Ein Mann leidet nach Comirnaty-Impfung an entzündlicher Darmerkrankung. Vor der Impfung hatte der Mann ein übliches Aufklärungsformular über die Risiken der Impfung ausgehändigt bekommen. Darauf hatte er angekreuzt, dass er keine weiteren Fragen an den Arzt habe. Ein Aufklärungsgespräch fand vor der Impfung nicht statt. Nach der Impfung litt der Mann unter Colitis ulcerosa. Er meinte, dies sei ein Impfschaden, für den der Arzt verantwortlich sei. Er verklagte den Arzt wegen eines Aufklärungsfehlers auf Zahlung von Schadensersatz und Schmerzensgeld, aber ohne Erfolg.
Das LG Berlin verneinte eine Pflicht zur mündlichen Aufklärung und wies die Haftungsansprüche als unbegründet ab. Schon der Bundesgerichtshof habe in der Vergangenheit ein Aufklärungsgespräch bei empfohlenen Routineimpfungen (damals Polio-Schluckimpfung) für nicht erforderlich angesehen. Zwar sei die Covid-19-Impfung keine Routineimpfung. Der Grund für die Impfung und der Impfstoff waren aber in der Bevölkerung allgemein bekannt. Nach den klinischen Prüfungen, die eine hohe Wirksamkeit des Impfstoffs versprachen, war die Grundstimmung im überwiegenden Teil der Bevölkerung gegenüber der Impfung positiv. Die Impfung gegen COVID-19 mit mRNA-Impfstoffen war im ersten Halbjahr 2021 eine Massenimpfung von Millionen Menschen. Würde man in einer solchen Situation verlangen, dass vor jeder Impfung ein persönliches ausführliches ärztliches Aufklärungsgespräch erforderlich ist, wäre dies logistisch kaum zu leisten gewesen und hätte die Impfkampagne erheblich verzögert.

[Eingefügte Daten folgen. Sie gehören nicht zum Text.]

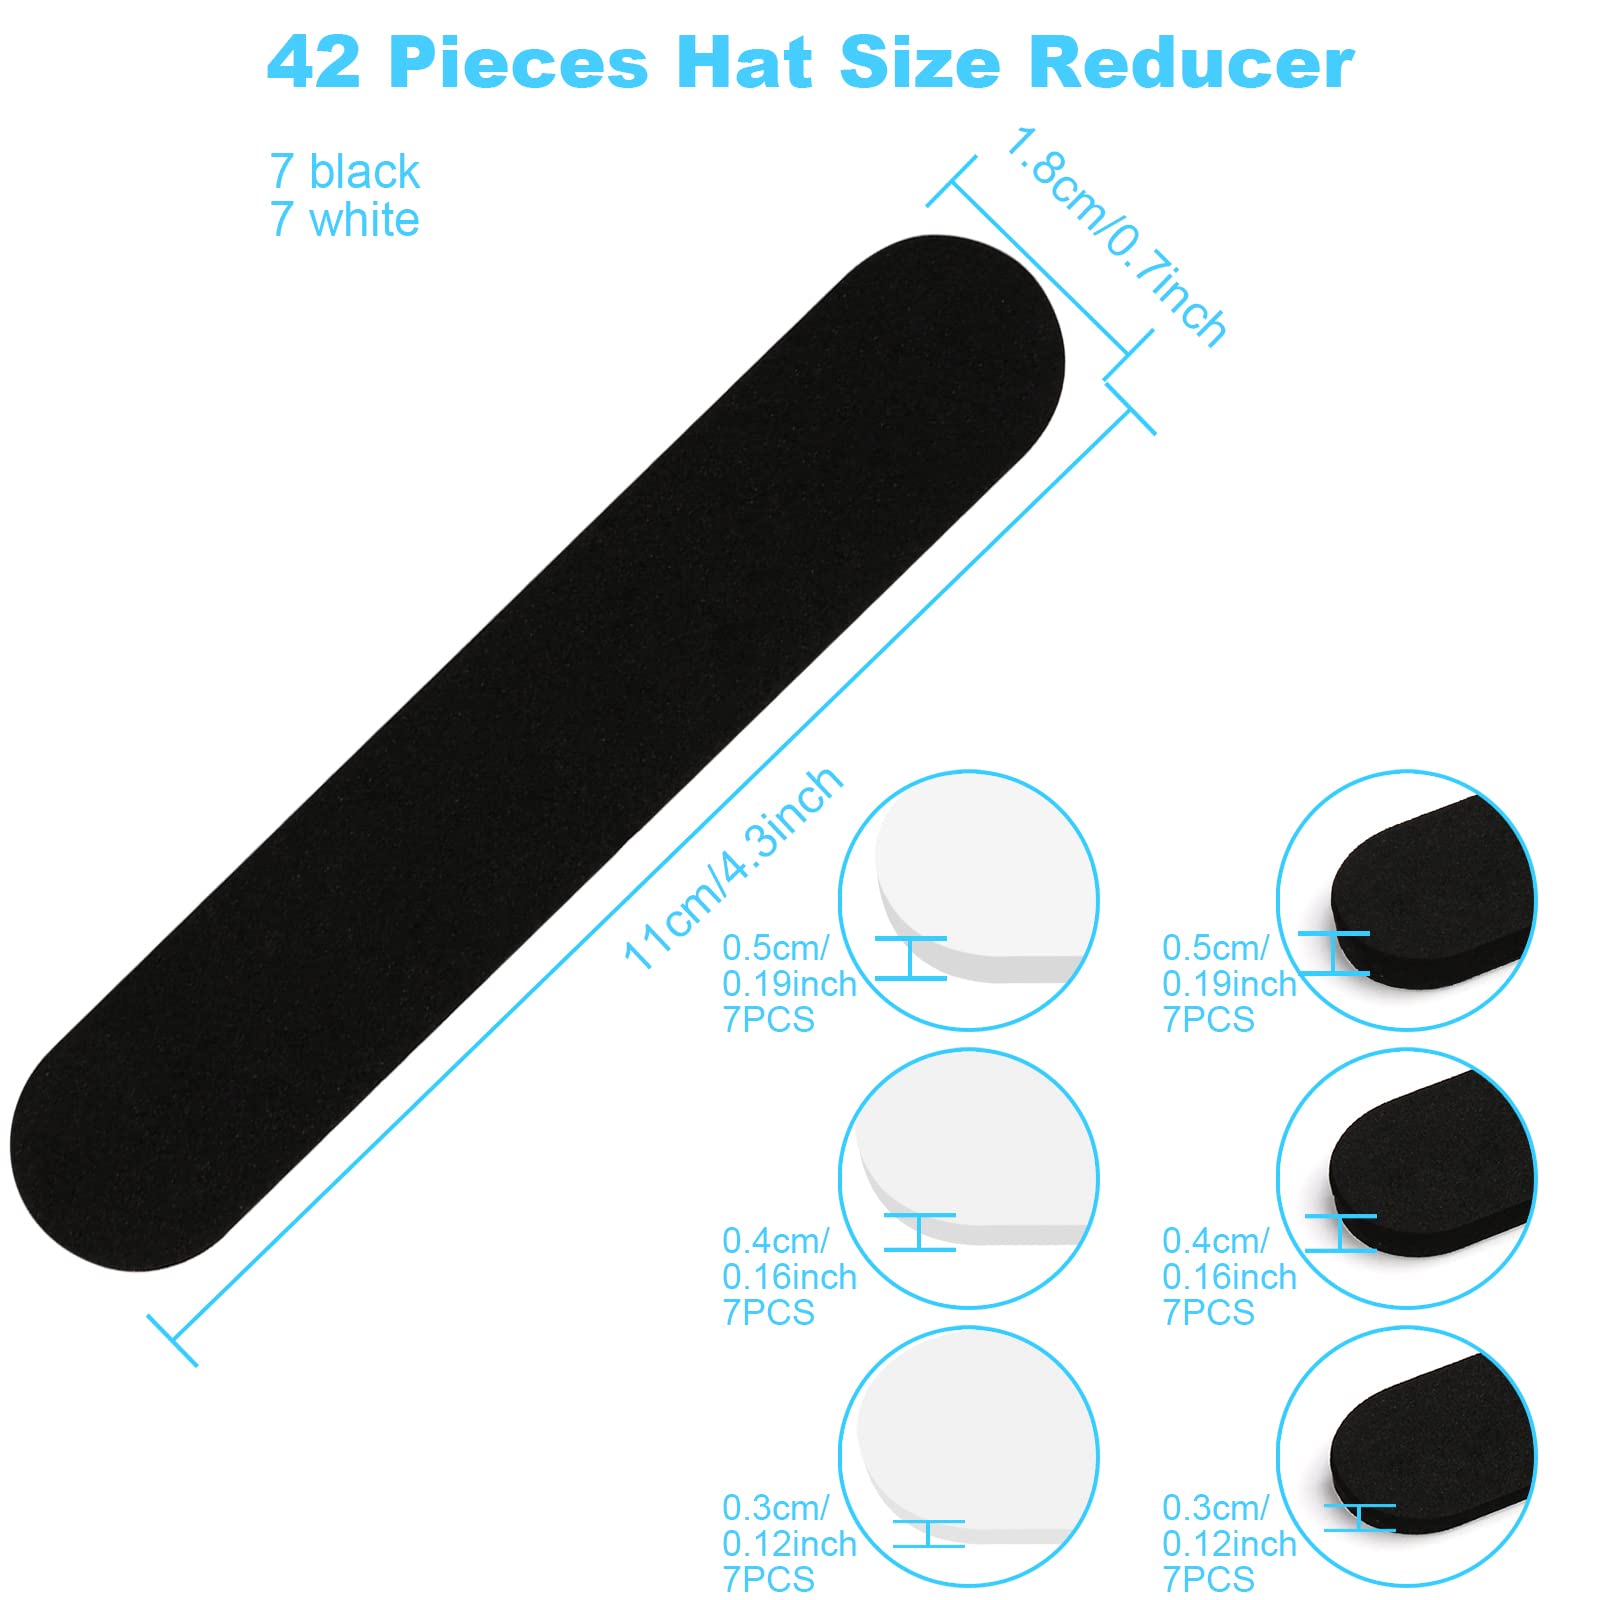 42 PCS Hat Size Reducer, PHSZZ Foam Hat Sizing Tape, Filler Sizer Reducer Insert Adhesive for Hats Cap Sweatband, 3 sizes (3mm 4mm 5mm Black and White)

Bei dieser Gemengelage erscheint es dem LG Berlin angemessen und ausreichend, dass nach vorheriger schriftlicher Aufklärung mit einem Merkblatt jeder zu impfenden Person die Möglichkeit gegeben wird, im mündlichen Arztgespräch vor der Impfung Nachfragen zu stellen. Das dem Mann übergebene Aufklärungsformular decke alle wesentlichen Themen und Risiken ab. Auch nach Befragung des Mannes konnte das LG nicht erkennen, welche Informationen dem Mann gefehlt haben sollen und ob dieser überhaupt Fragen dazu gehabt habe.